Which makes it more the pity that this performance is not up to the quality Schaller has long established with the orchestra he founded, the Philharmonie Festiva. This, his first Bruckner recording with a different orchestra, the Prague RSO, lacks the Festiva's suppleness and those recordings' clear, spacious sound; the playing is often stiff and scrappy, as if under-rehearsed, or as if Schaller and the Praguers were still getting used to each other. It also could have benefited from a slower pace that might have missed fewer of the many opportunities Schaller's brilliant arrangement so clearly offers.
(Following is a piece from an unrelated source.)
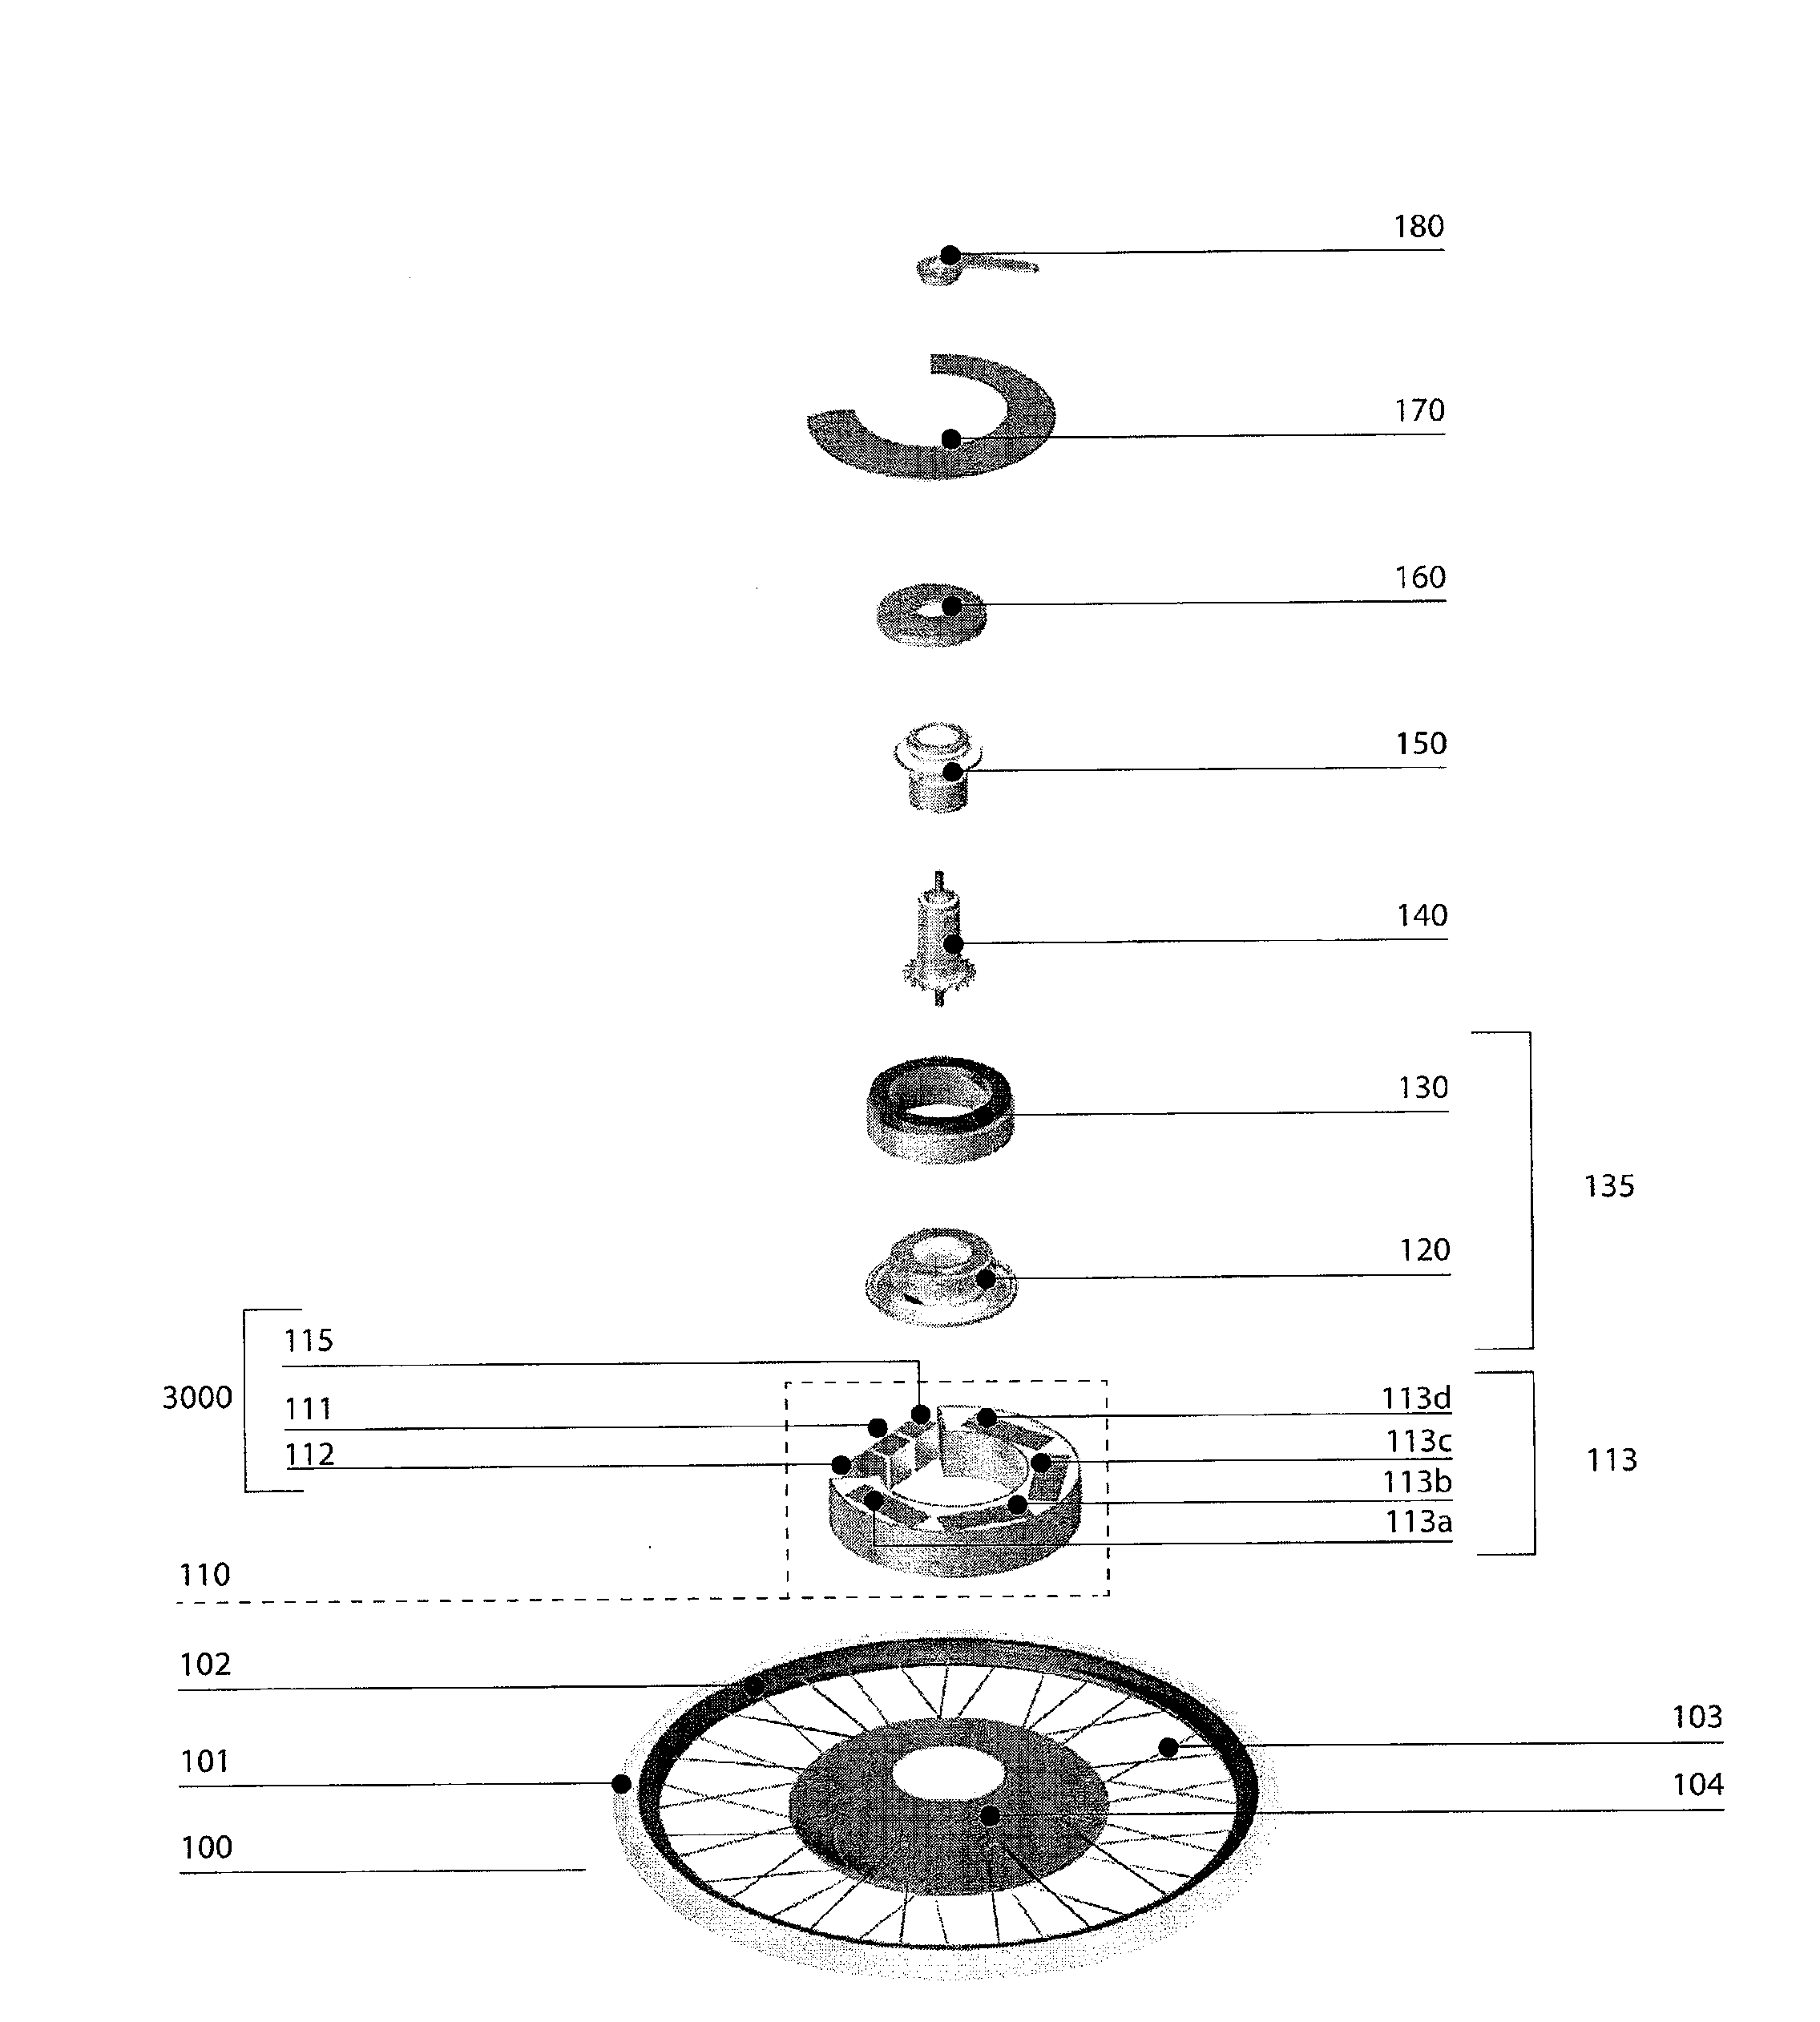 Hybrid sensor-enabled electric wheel and associated systems, multi-hub wheel spoking systems, and methods of manufacturing and installing wheel spokes

The same is true of the pairing, the rarely played Overture in g, which Bruckner wrote as a set exercise at the age of 39, while studying composition (!) with Otto Kitzler. A sort of compendium of stock orchestral-overture gestures in the manner of similar works by Beethoven, Schumann, and Mendelssohn, the Overture is no masterwork—but it can support less tentative, more dramatic readings than this, as Stanislaw Skrowaczewski and the Saarbrücken RSO amply prove in their recording. But Schaller's orchestration of the Quintet is the main attraction; like Stangel's, it is an important contribution to the Bruckner repertoire that deserves wide performance and recording.

Neither orchestration reveals a 12th Bruckner symphony long hidden in plain hearing, but instead something of perhaps even greater value. As I listened first to the original Quintet, then to Stangel's orchestration, then Schaller's, and as the numbers of players grew and the sound increased, the music seemed to become not more portentous and deep but more distant and light; less profound but more pleasing; less intimate but friendlier. These are not criticisms. It's a wonder that a single composition can be presented as three such different works while never being betrayed.—Richard Lehnert

COMMENTS
Long-time listener's picture

A great review! Thanks

mmole's picture

If I want a taste of long form composition by a guy von Bulow called "half genius, half simpleton," I'll listen to the Wu Tang Clan. Bruckner ain't no RZA. Classical culture has done as much damage to our country and the white community as drugs and Trump have. Kids need real heroes to look up to, not Austro-German romantics posing as "artists." Teaching kids that using rich harmonic language with a strong polyphonic character is cool isn't cool. And it gets many of them killed. Look at the violence running rampant in Carnegie Hall.